Isogram detection appears in spell-checking (detecting repeated characters in passwords), password strength metrics (no repeated chars = higher entropy), and linguistics analysis. The problem has three O(n) solutions with different constant factors: sort-and-check (O(n log n)), HashSet, and bitset (26 bits for 26 letters).
🎯 Learning Outcomes
HashSet for O(1) membership testing and duplicate detectionis_ascii_alphabetic()to_ascii_lowercase()HashSet<char> for O(1) character lookup — the isogram check runs in O(n) total timeCode Example
#![allow(clippy::all)]
/// # Isogram Check
///
/// An isogram is a word with no repeating letters (ignoring case, hyphens, spaces).

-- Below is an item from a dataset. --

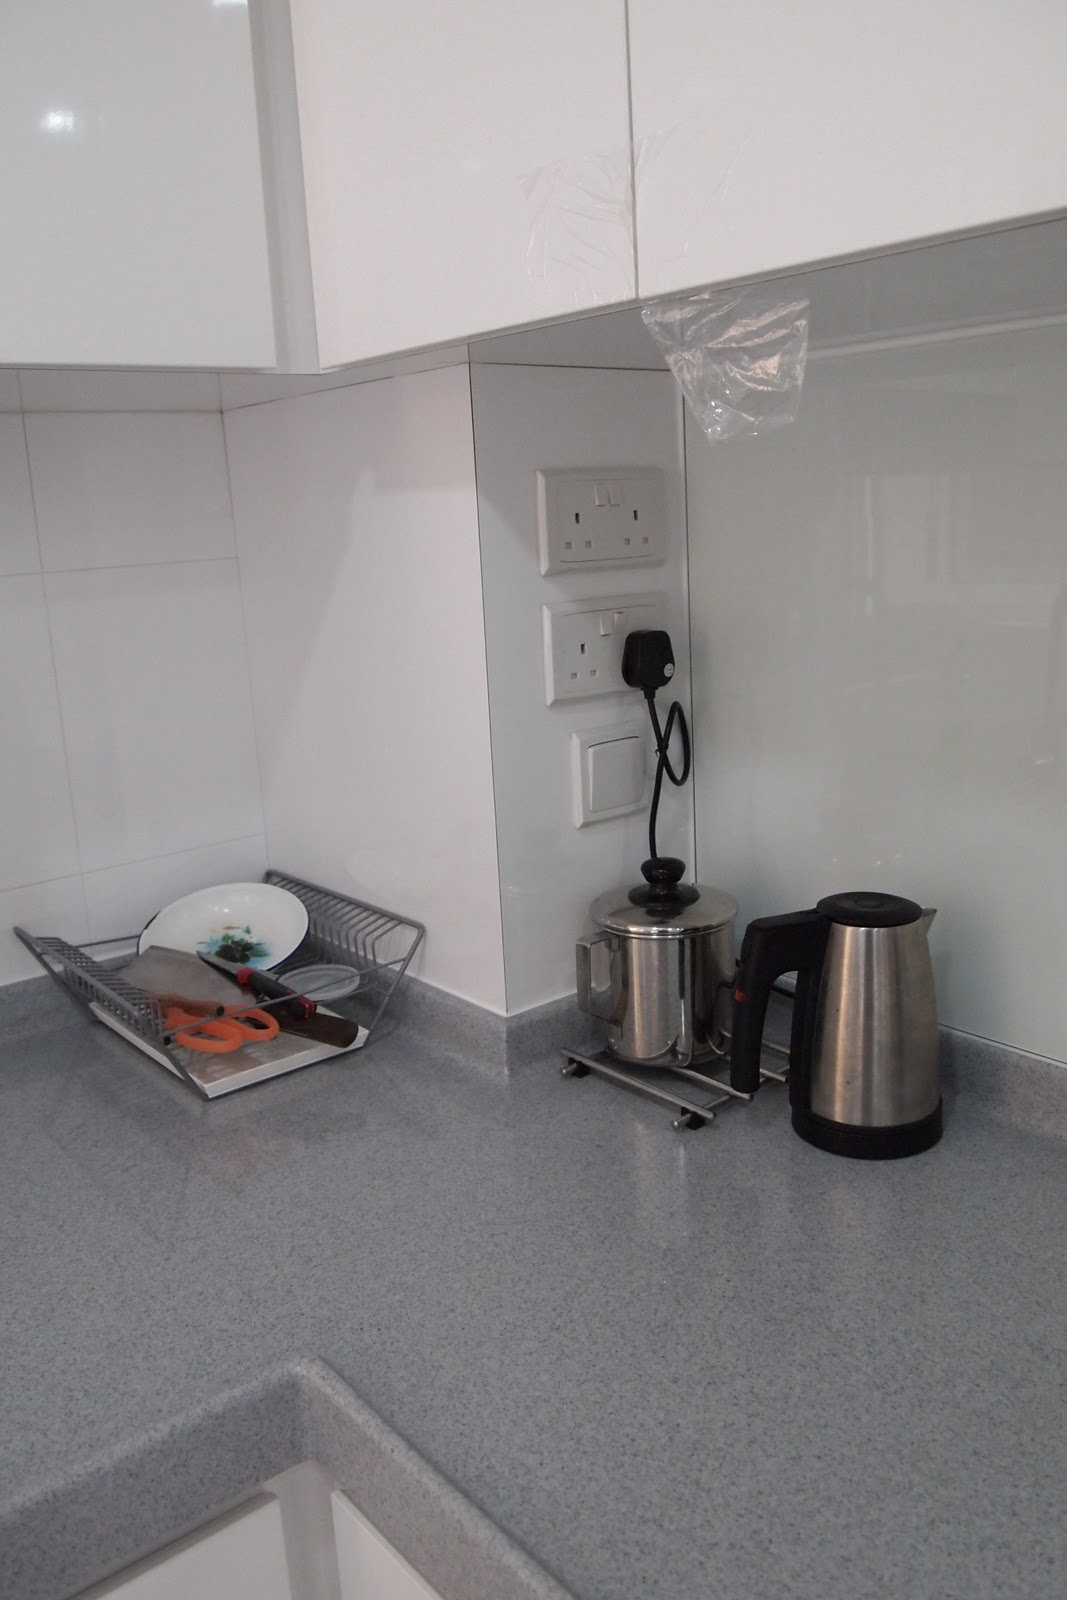 Refurbish Kitchen Cabinet Singapore
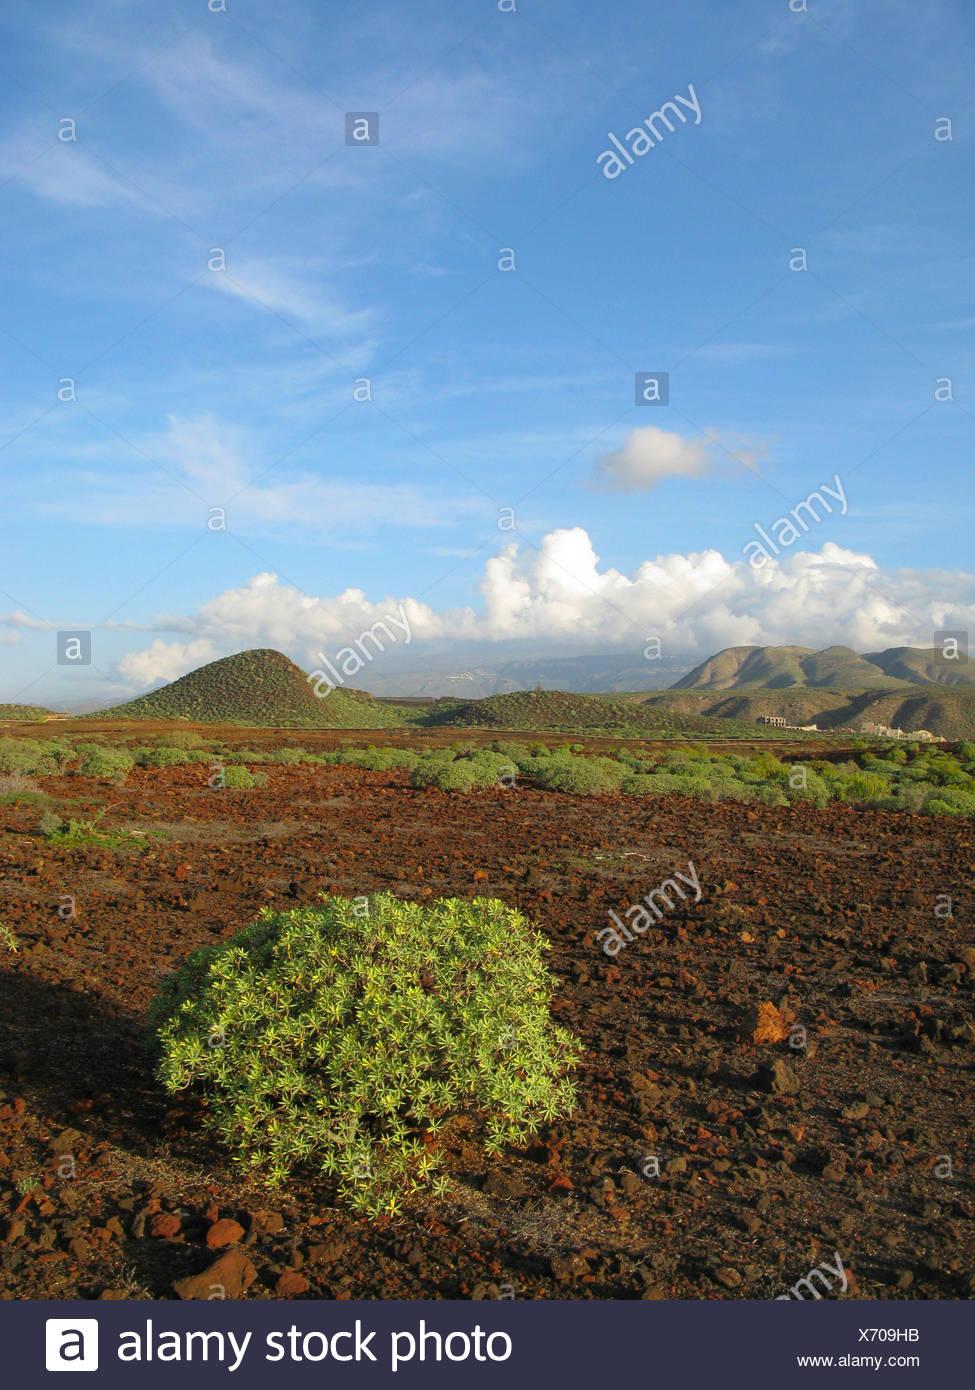 spurge (Euphorbia balsamifera), on volcanic rocks in the coastal aerea in the southwest, Canary Islands, Tenerife, Pal Mar - Stock Image

/// Demonstrates set-based duplicate detection.
use std::collections::HashSet;
/// Idiomatic Rust: filter to alphabetic, lowercase, check uniqueness via set size.
pub fn is_isogram(word: &str) -> bool {
let letters: Vec<char> = word
.chars()
.filter(|c| c.is_ascii_alphabetic())
.map(|c| c.to_ascii_lowercase())
.collect();
let unique: HashSet<char> = letters.iter().copied().collect();
letters.len() == unique.len()
}
/// Early-exit approach: insert into set, return false on first duplicate.
/// More efficient for long strings with early duplicates.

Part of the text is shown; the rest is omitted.